While women are admitted for their safety, caution is taken to ensure that they are not inconvenienced from important aspects of their lives such as maintaining their economic activity over the three months of admission.

“If it’s a life-threatening matter a woman cannot leave the centre. But if it’s not, she can still go to work. For the children, we get transfers for them to go to schools near the centre. We do our best to let the women access work”, Luza explained.

“We also involve the employers so that they know of the employees’ temporary residence. If it happens that the employee cannot go to work because the situation is life-threatening, the employer has to know why a woman is not presently at work. We have had an experience of a woman who was followed and abducted. But that was a long time ago”, added the centre’s CEO, Lorato Moalusi.

Most of the shelter’s clients are referred by social workers and the police. “We have an understanding with the Ministry of Social Welfare. There is cost-sharing on admission of clients”, she said.

Apart from admitting the women, the shelter also invokes aspects of the Domestic Violence Act and obtains a restraining order on behalf of the women. In some cases, they get an order that forces the men to leave the family home so that the women can stay in their homes.

The centre also recognises the need for programmes to prevent gender-based violence rather than reacting to it.

“We have education and awareness programmes to sensitise communities about gender-based violence. We work in nine communities around Botswana, including schools and work-places to make people aware of the problem and its dangerous effects on individuals, families and communities. To this effect, we have a new programme in schools on sexual and reproductive health and rights (SRHR), which involves the formation of Gender Equity Movements. They are small groups comprising of learners who advocate for SRHR, conduct peer-to-peer education and ensure the prevention of gender-based violence in the school setting. We also work with the police and local chiefs or dikgosi”, said Tshoganyetso Ramosweu, co-ordinator of out-reach programmes.

While gender-based violence is mostly experienced by women and girls, the centre has seen a number of men coming forward to report being abused.

“On average we have 35% – 40% men per year.

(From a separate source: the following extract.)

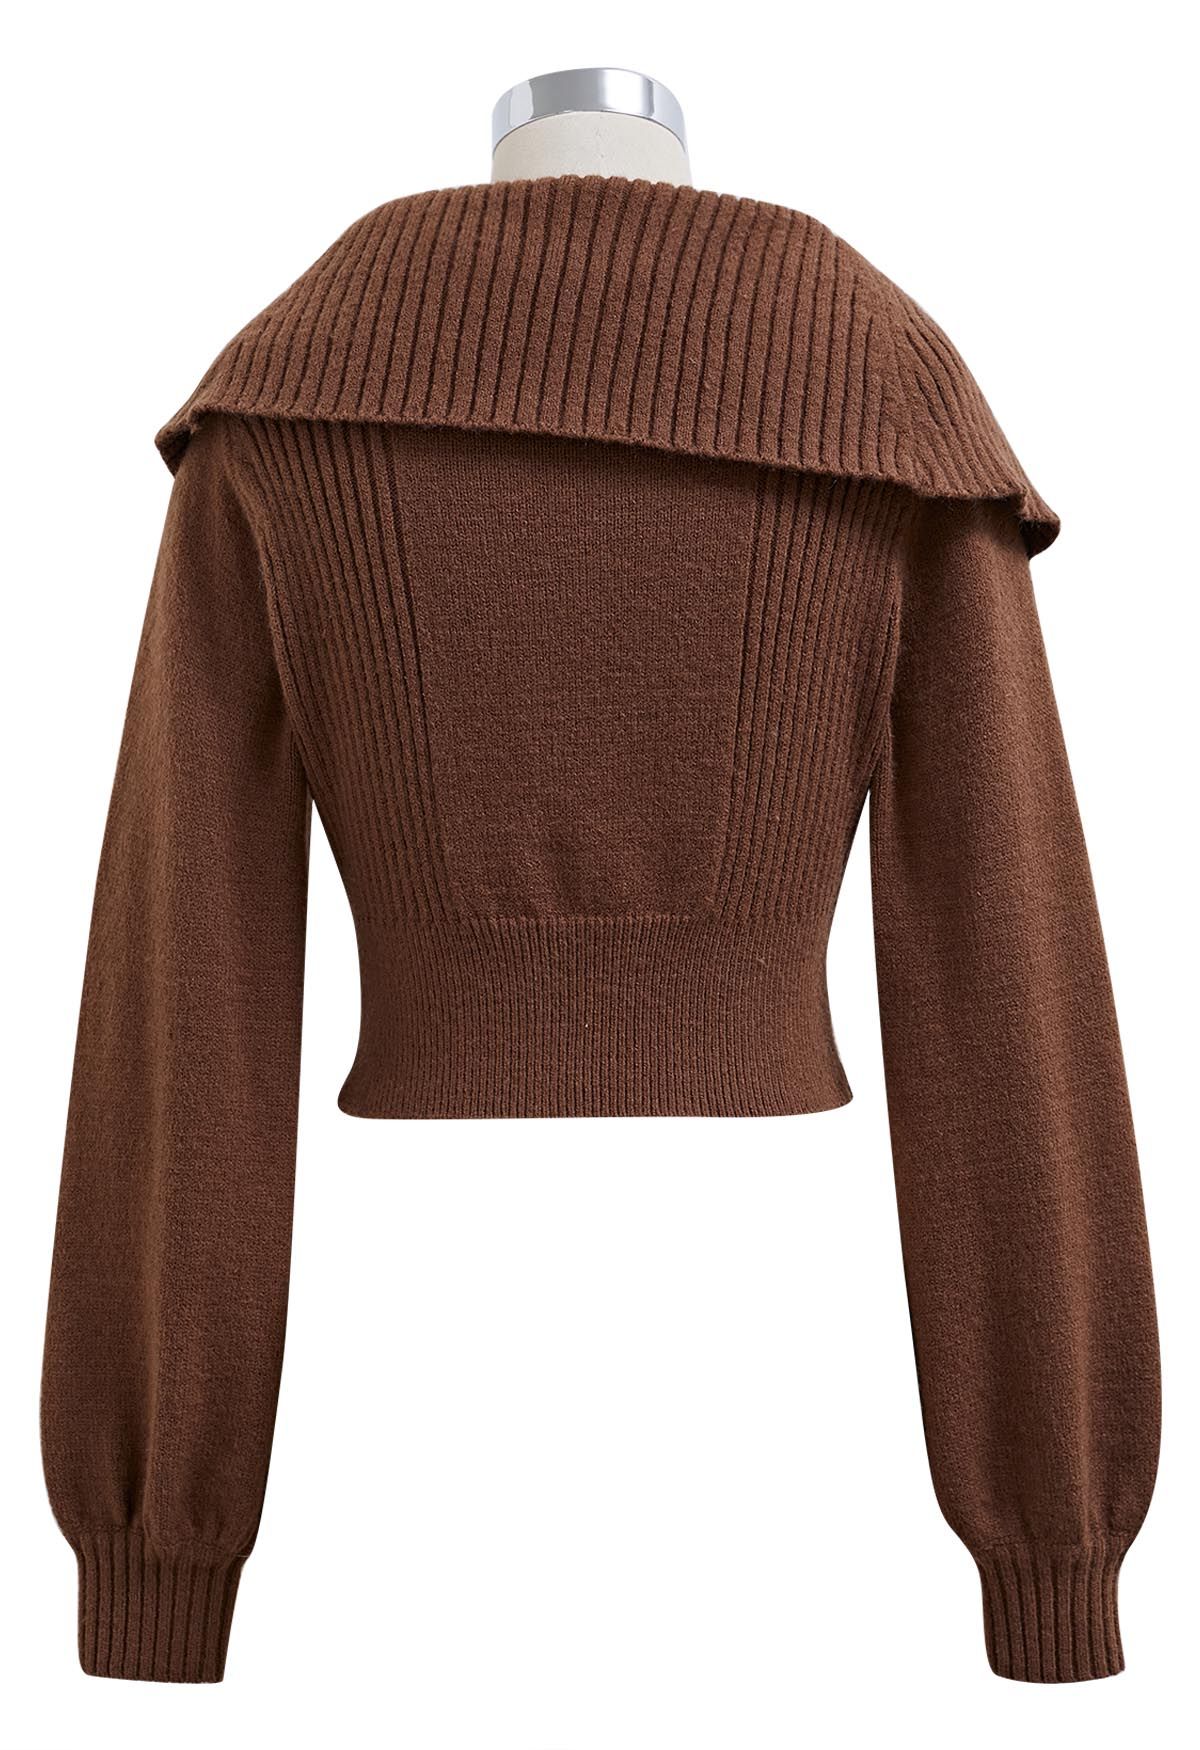 Flap Buttoned Collar Knit Crop Top in Brown

Most of the reports are physical abuse and these are men who are married or co-habiting,” according to GoitseModimo Rakaru, Programmes Director of the centre.

This points to a change of attitudes, according to the CEO, Lorato Moalusi.

“When the centre opened in 1998, we faced a lot of resistance and backlash. Men would say, ‘they are teaching our women to be disobedient. They are demonising men’. But there are changes now. Over the years, we have seen more people coming in. People are getting enlightened. We do have men who come to us looking for help,” she said.

The centre has established a national gender-based violence SMS line. Citizens can text the word ‘HELP’ to 16510 regardless of their network provider and they will be called back for support.

Participants in the Women’s Health, Empowerment and Masculinities: Policy Advocacy Training donated gifts and money to the centre. One participant said, “we need more centres in Botswana and many countries in Africa that provide counselling and shelter to women who experience gender-based violence”.